Ящики с надписью «Тнува» и «Освежающая Темпо-сода» Момик нашел за лавкой Бейлы, выстелил их мягкими тряпками и старыми газетами и приделал к ним небольшие замочки из проволоки, а все остальное, что было в чулане, сдвинул в сторону: бабушкин сундук, и большие сохнутовские кровати, и провонявшие мочой соломенные матрасы, и чемоданы, которые лопаются от всякого барахла и перевязаны веревками, чтобы не развалились, и два огромных мешка, полные старых башмаков всех фасонов и размеров, потому что старую обувь не выкидывают, и кто прошел однажды двадцать километров по снегу босиком, тот это прекрасно знает, так сказал его папа, и это было единственное указание, которое он получил от папы и тотчас записал. Снег как раз подошел ему к Снежной королеве, которая заморозила всех в стране Там.
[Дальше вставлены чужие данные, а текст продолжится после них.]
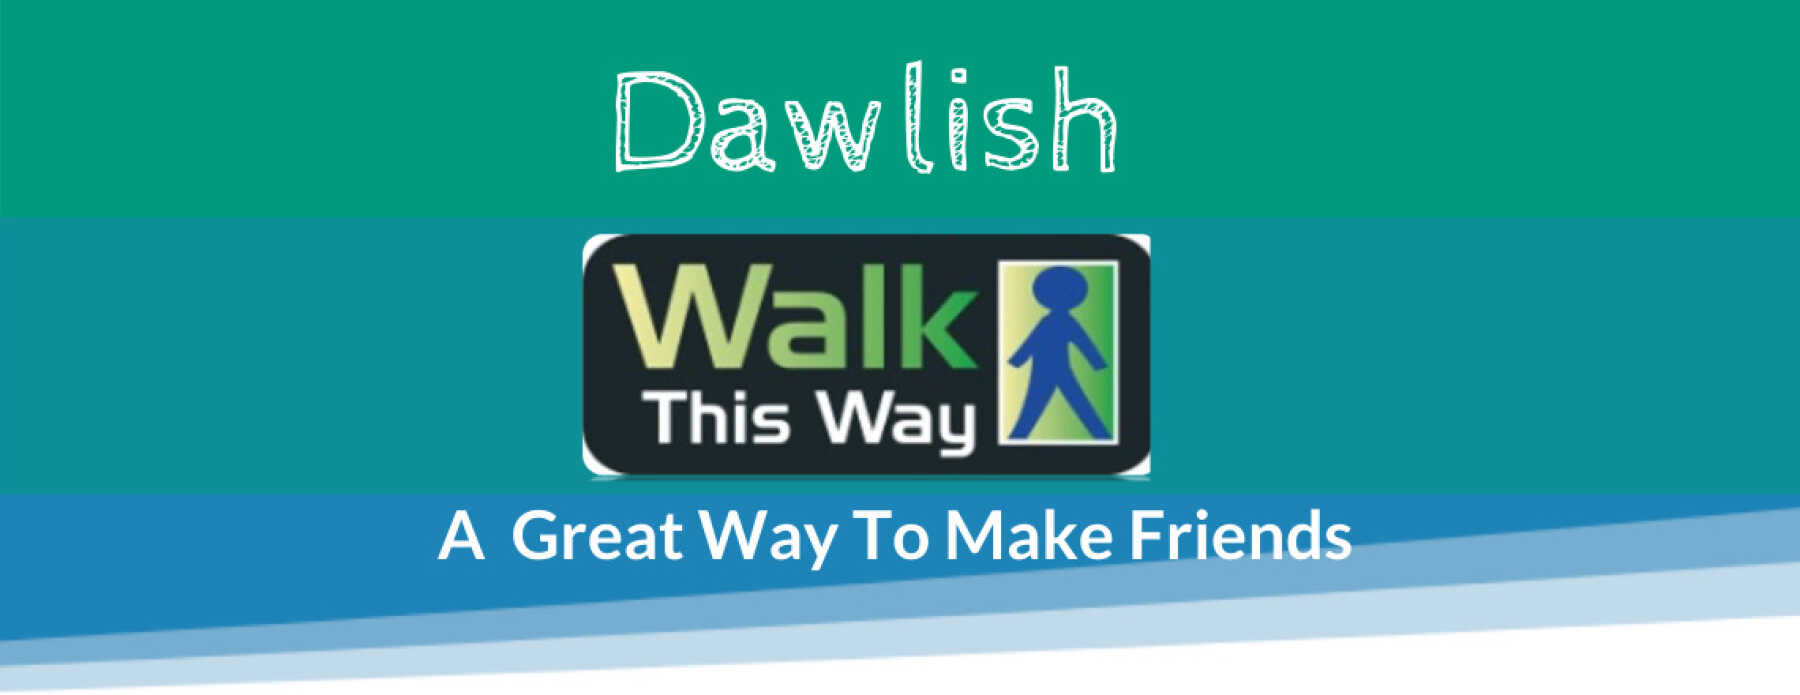 Featured Image for Dawlish Walkers - Ramblers Wellness Walks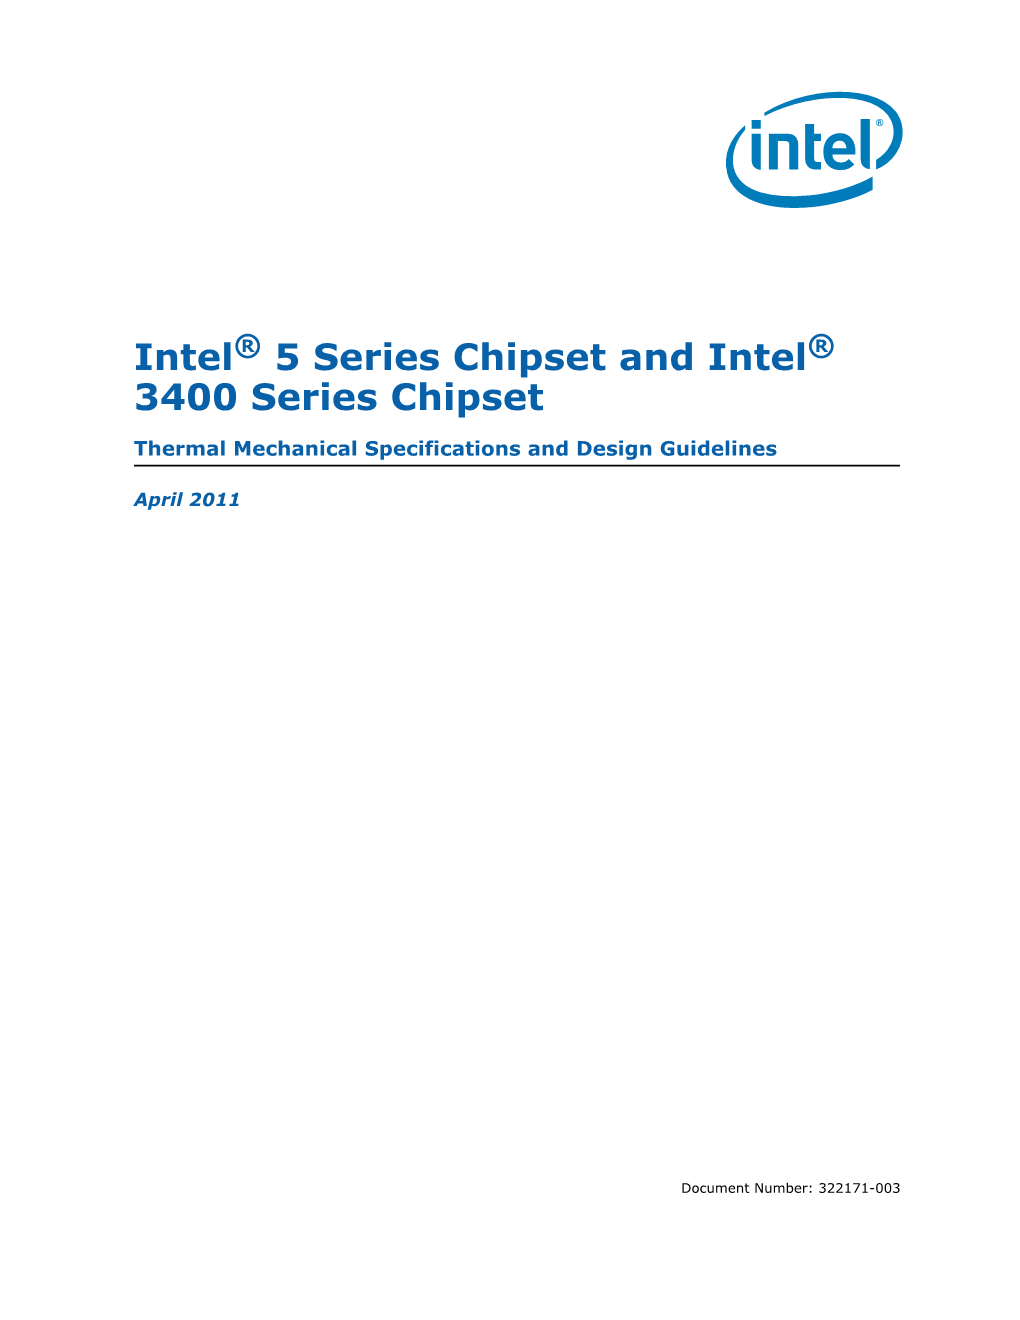 Intel® 5 Series Express Chipsetintel® A57 Chipsetintel® 3400 Series

Из кухонного шкафчика он утащил несколько старых тарелок и надтреснутых чашек, чтобы поставить их в клетки, но мама, разумеется, сразу заметила, а Момик визжал, что это не он, и видел, что она не верит. Тогда он грохнулся на пол и принялся колотить по нему руками и ногами, и даже закричал ей ужасную вещь, чтобы она оставила его в покое и не лезла ему в душу, и нужно сказать правду, что до того, как он начал бороться с Нацистским зверем, он никогда не говорил ей такого, ни ей и никому другому, и мама по правде испугалась и сразу замолчала, и рука ее дрожала на губах, а глаза раскрылись так, что он испугался, как бы они не лопнули и не разорвались. Ну да что он мог поделать, эти слова вырвались у него сами собой, он вообще не знал, что у него есть такие слова. Но она не должна была мешать ему в этом деле. Хватит и того, что они не помогают, хорошо, пусть, он понимает: им нельзя, — но еще и мешать?!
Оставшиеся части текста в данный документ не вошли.